Милуш лукавил, Спаска чувствовала. И жалел он отца ничуть не меньше, чем она, и боялся за него.

– На нем все заживает как на собаке, и это заживет, – продолжал бормотать себе под нос Милуш. – Я без змея обойдусь, а он без маковых слез обойдется. Вот мне сейчас только не хватало по болотам лягушек ловить, вместо того чтобы в замке ждать осады. Пусть не надеется, что я ему две недели буду доброй сиделкой, через три дня я в замок должен вернуться.

Однако когда отец от боли начал стонать и метаться, Милуш тут же дал ему глотнуть маковых слез.

* * *

Крапа Красен смотрел на «погребение» Живущего в двух мирах с балкона особняка Явлена. Народу собралось на удивление много, толпа шумела, гвардейское оцепление еле сдерживало ее напор. Любопытство людей было понятно: все своими глазами желали увидеть змеиную сущность покойного. Желтый Линь хорошо поработал, для такого быстрого распространения сплетни нужно точно выбирать, кому ее рассказывать. Если кто-то и не слышал о неизбежном превращении покойника в змею, то на площади Чудотвора-Спасителя ему об этом сразу же сообщили.

Когда Крапа приложил ухо к груди Живущего в двух мирах, он не услышал биения сердца и едва не поверил в его смерть. Но… падая на воду, тот ушибся щекой – щека оставалась покрасневшей и отекала на глазах. А это значит, что сердце все еще толкало кровь по сосудам. Кроме этого, Крапу привлекла странная выпуклость на боку под широкой рубахой, и достаточно было ее слегка ощупать, чтобы понять: это мертвая гадюка. Зачем Живущему в двух мирах мертвая гадюка? Вряд ли в этом был какой-то мистический или ритуальный смысл. А скорей всего, Живущий в двух мирах собирался исчезнуть, оставив вместо своего мертвого тела дохлую змею. Знал ли он о принародном сожжении? Наверное, нет. Но, возможно, предусмотрел и такой случай.
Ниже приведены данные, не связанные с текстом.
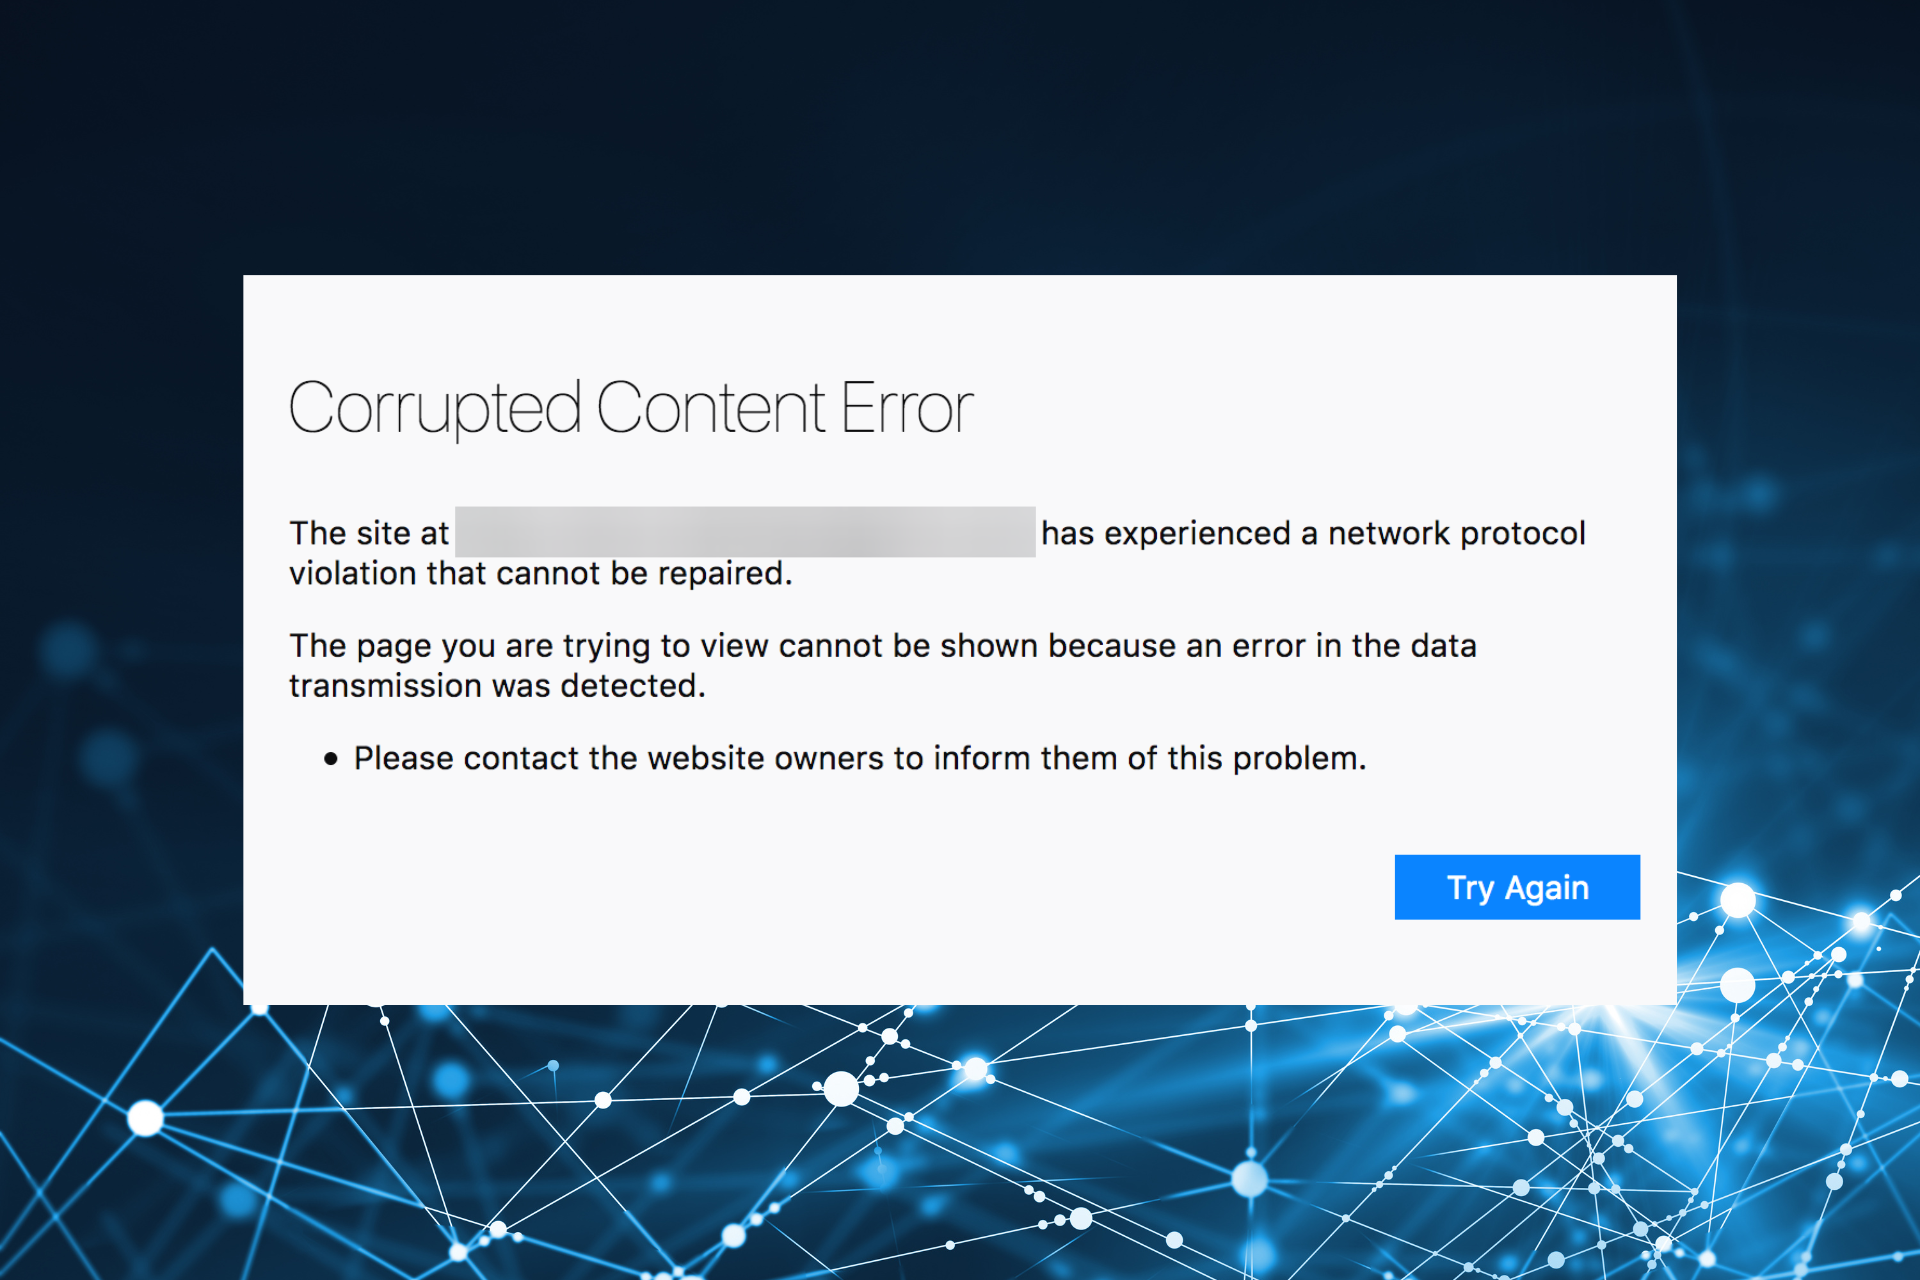 Fix corrupted content error

Если он оборотень и в обличии змеи может пересечь границу миров, сожжение ему не страшно. Главное, чтобы все вокруг поверили, что он не исчез, а именно сгорел. Так пусть его превращение в змею станет народным поверьем, исток которого Крапа «найдет» в старинных легендах и укажет чудотворам. И только один человек после этого не поверит в смерть Живущего в двух мирах – Инда Хладан. Но… пусть попробует кого-нибудь убедить в своей правоте.

– С чего они взяли, что непременно увидят змеиную душу этого человека? – спросил Явлен, нетерпеливо постукивая пальцами по широким перилам балкона. – Наверное, храмовники пустили слух, иначе бы сюда вообще никто не пришел.

Крапа поймал удивленный взгляд Желтого Линя, стоявшего рядом. Умен… Гораздо умней, чем Крапа мог предположить вначале. Догадался, что поручение распустить слух исходит не от чудотворов, а от него, Красена, лично.

– Не скажи, – ответил он Явлену. – Я кое-что читал об этом. Правда, довольно давно. В старинных книгах об оборотнях иногда упоминают, что под воздействием огня или кипятка не только живой оборотень перекидывается в свое истинное обличье, но и мертвый. Это один из способов выяснить, на самом ли деле убит оборотень, или пострадал невиновный.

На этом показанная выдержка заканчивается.